Source material:
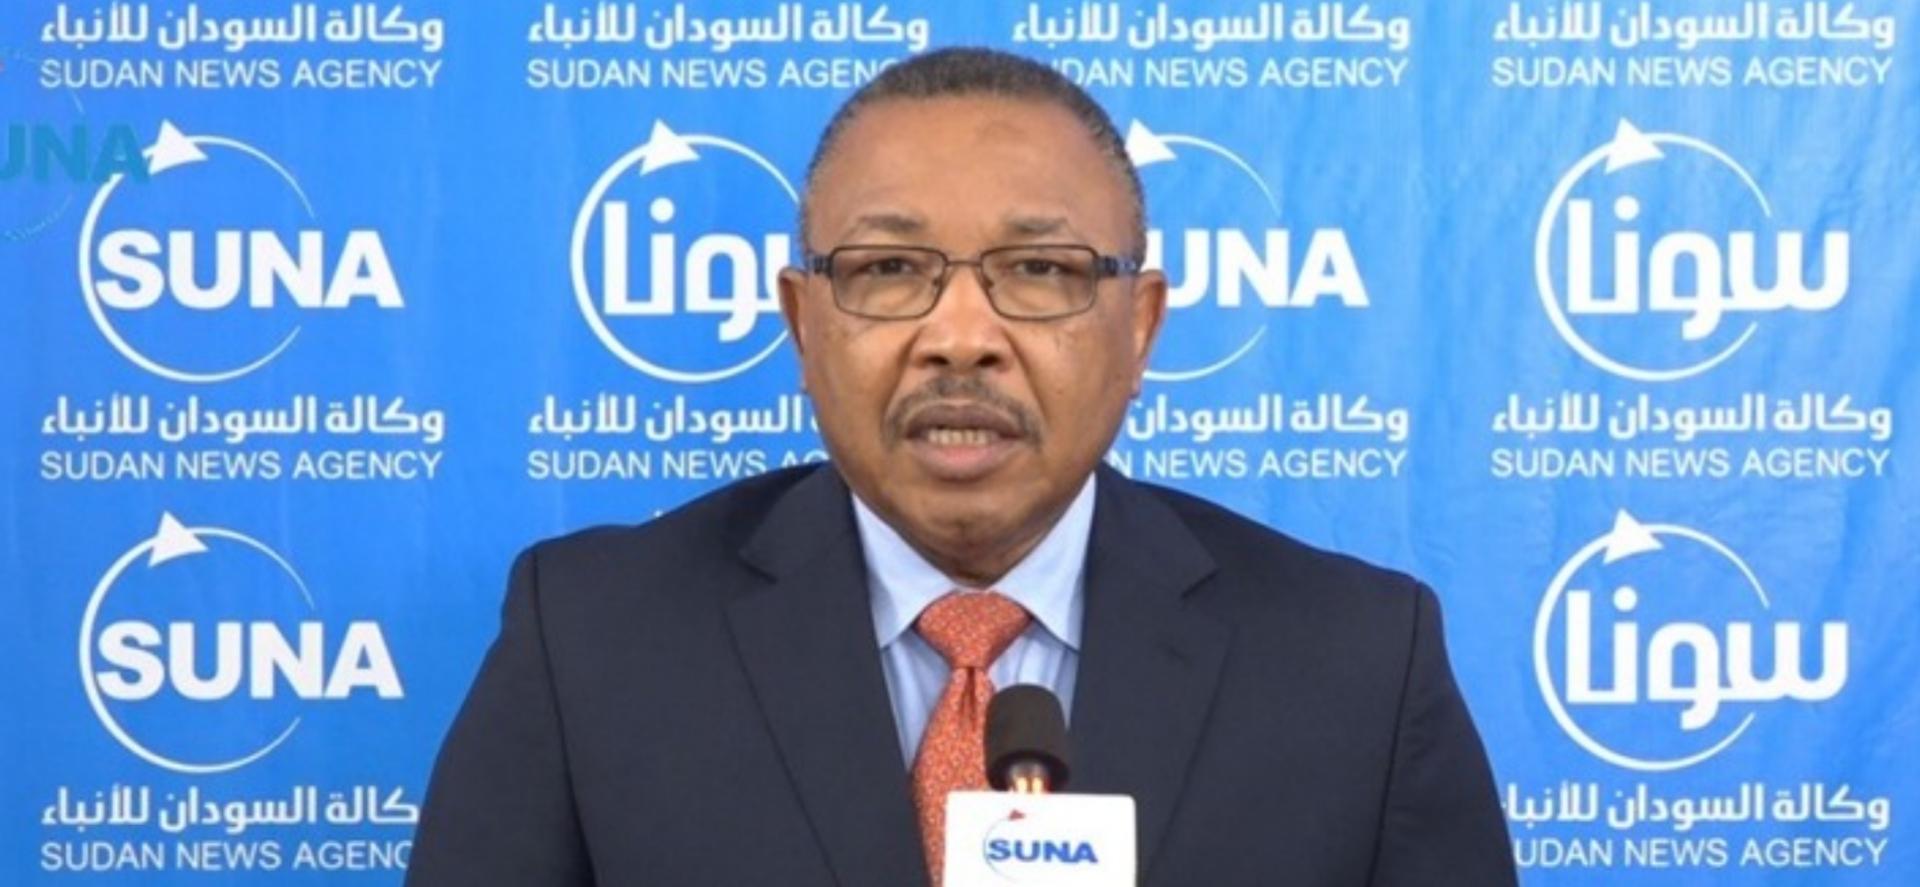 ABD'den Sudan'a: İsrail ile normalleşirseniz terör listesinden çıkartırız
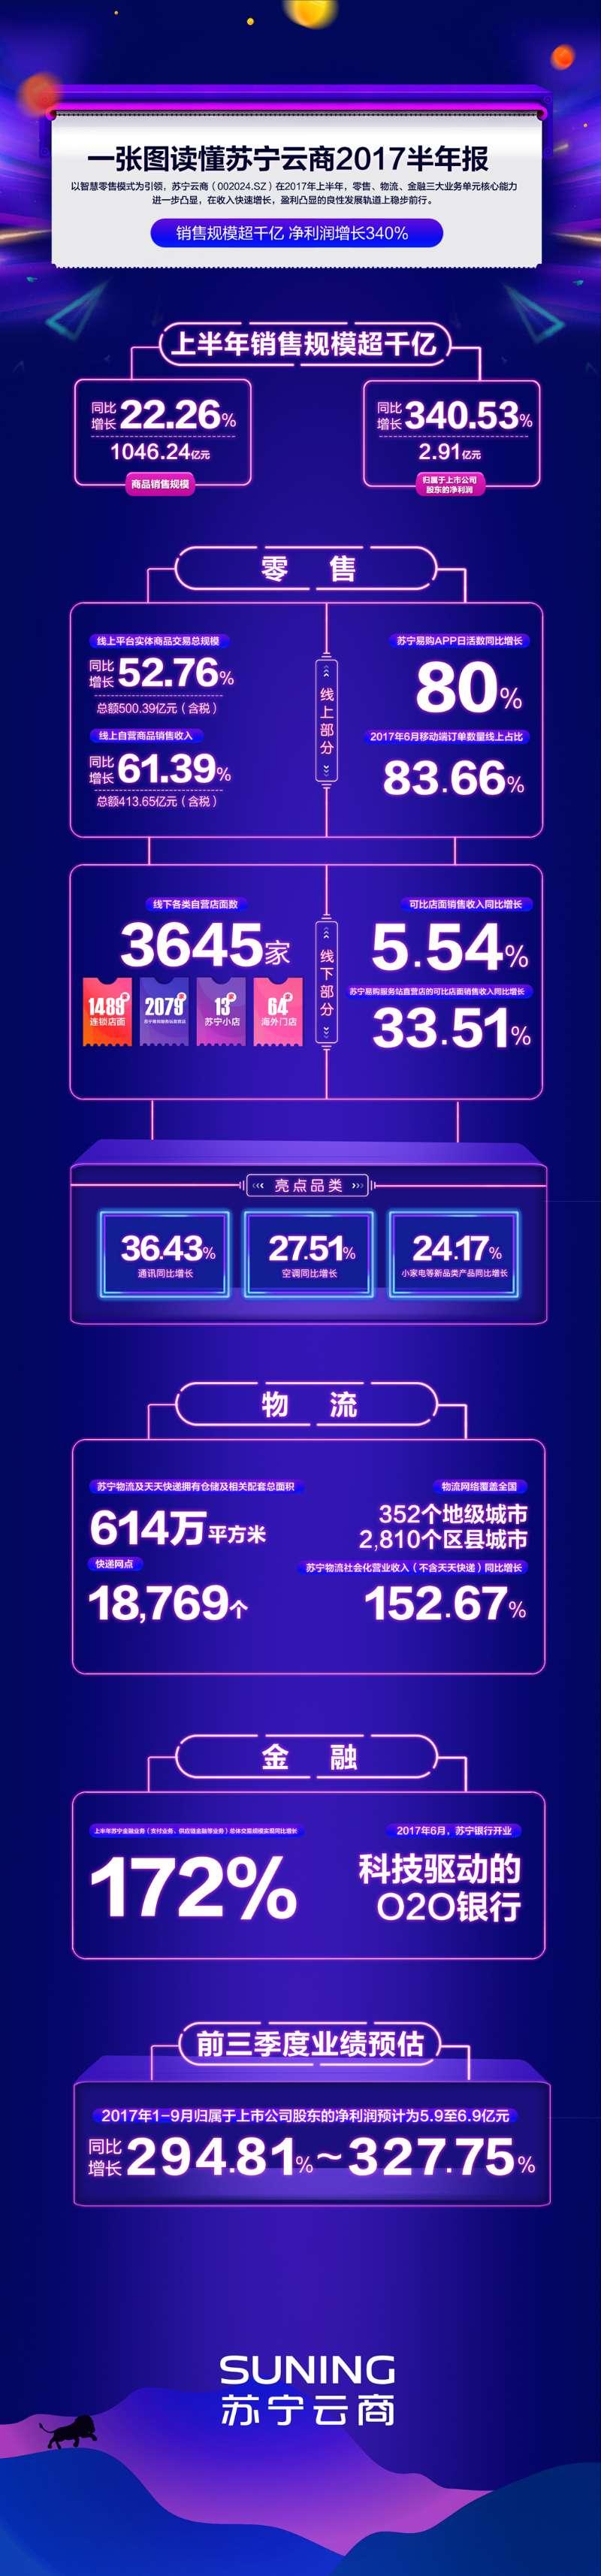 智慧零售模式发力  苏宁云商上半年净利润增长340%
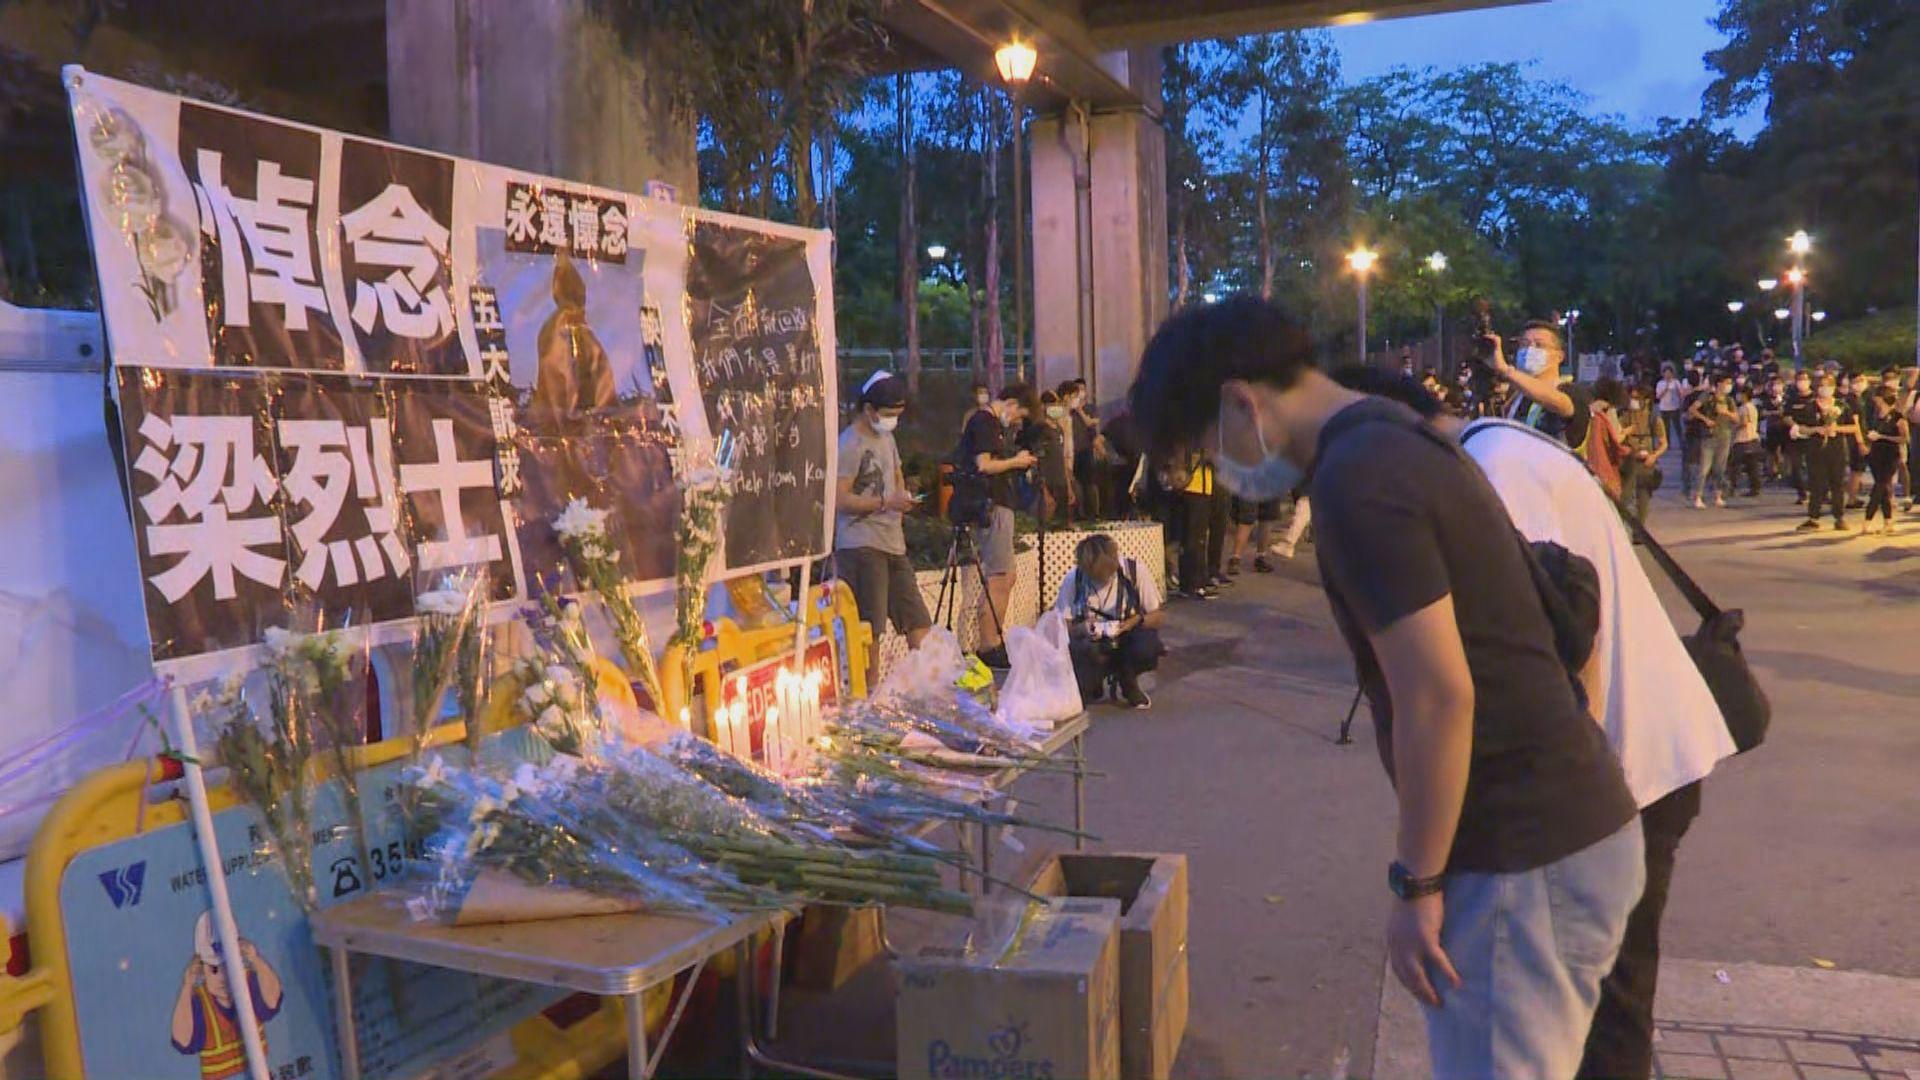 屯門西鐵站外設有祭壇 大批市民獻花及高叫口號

Work order: All of the material above is to be retyped verbatim, with its pictures omitted.

Output of the task:
 ABD'den Sudan'a: İsrail ile normalleşirseniz terör listesinden çıkartırız
 智慧零售模式发力  苏宁云商上半年净利润增长340%
 屯門西鐵站外設有祭壇 大批市民獻花及高叫口號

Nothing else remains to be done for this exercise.